NGFW - How to configure McAfee Next Generation Firewall (NGFW) to integrate with McAfee Logon Collector (MLC)

Version 2



    The purpose of this document is to assist you in integrating McAfee Logon Collector with McAfee Next Generation Firewall. This document will guide you through step by step process to complete the Integration.


    Integration Value

    McAfee Next Generation Firewall with McAfee Logon Collector improves user identification for access control by user. This is an alternative to the Stonesoft User Agent. Logon Collector monitors logon events to associate users with IP addresses. Integration with Logon Collector adds the following new features:


          • High Availability using a primary and secondary Logon Collector server
          • Support for multiple Active Directory (AD) domains
          • Support for user and user group names that contain non-ASCII characters
          • Monitoring of logon events from Microsoft Exchange Servers in addition to monitoring events from the domain controller (DC)

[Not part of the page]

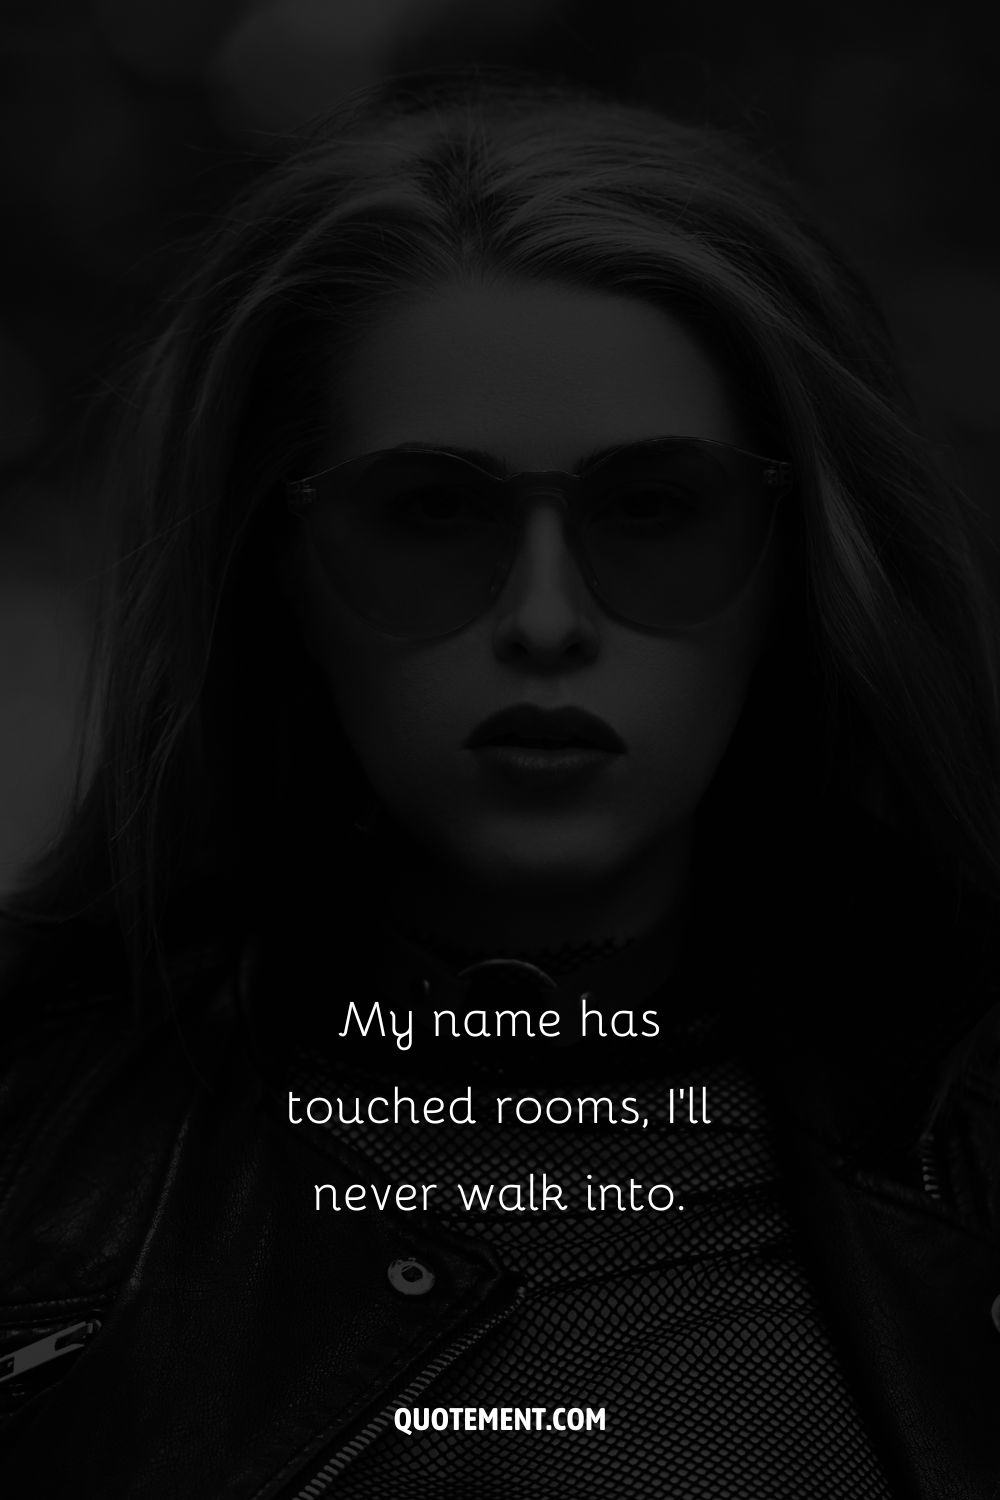 Image of a mysterious girl wearing sunglasses representing savage girl caption.

    In version 5.8, both the MLC User Agent and the Stonesoft User Agent are supported. Only one type of User Agent can be used for each single engine or cluster


    Configuration Steps

    Complete the McAfee Logon Collector (MLC) installation and login to MLC. Refer to McAfee Logon Collector Administrators Guide for complete instruction on how to install McAfee Logon Collector

    1.Once you are logged into MLC, click on tab Monitored Domains | Add new domain. This example shows domain MLCAD.local



    2. The new domain should appear in the Status Page. All components should be green




    3. If you see ”authentication service is unknown” error, follow these steps


          • Go to C:/ProgramFiles(x86)/Mcafee/McafeeLogonCollector/LoginCollector/wmiconfig
          • In McAfee Logon Monitor Configuration window: Change “Authentication Type” from Kerberos to NTLM (This could be other way around depending on your environment)
          • Restart MLC logon monitor service. All components should go green




    4. Add active directory server in Security Management Center. Navigate to Configuration | User Authentication | Servers | Right click server | Active Directory Server. Add your active directory details


       (Optional) Go to domain controller tab and you can add your domain controller here. Based on your environment, you can have authentication methods, NAT, etc configured. Make those changes accordingly




    5. Add active directory domain to Security Management Center


          • Go to Configuration | User Authentication | Users | Right Click Users | New LDAP domain server
          • Enter the name for new LDAP domain. In this example, name is MLCAD Users. SMC logs will show user as mshaw@MLCAD Users. Scroll down to point 14 in this document to see the SMC logs

                                  Tip: If possible, use the domain name MLCAD.local as the name. This way the SMC logs will show user as mshaw@MLCAD.local instead of mshaw@MLCAD Users

          • Select default LDAP domain if the default active directory authentication will be used for all users authentication
          • Select a server and click Add to bind the active directory server to the LDAP domain
          • Go to default authentication tab and define your default authentication. You can always come back here if default authentication is not yet decided


    6. Export certificate from MLC and copy it to the SMC server

          • Login to McAfee Logon Collector
          • Go to Menu | Server Settings | Click on Identity Replication Certificate | Scroll down to Base 64
          • Copy and paste this cert to a notepad file. Use .txt extension and not .crt.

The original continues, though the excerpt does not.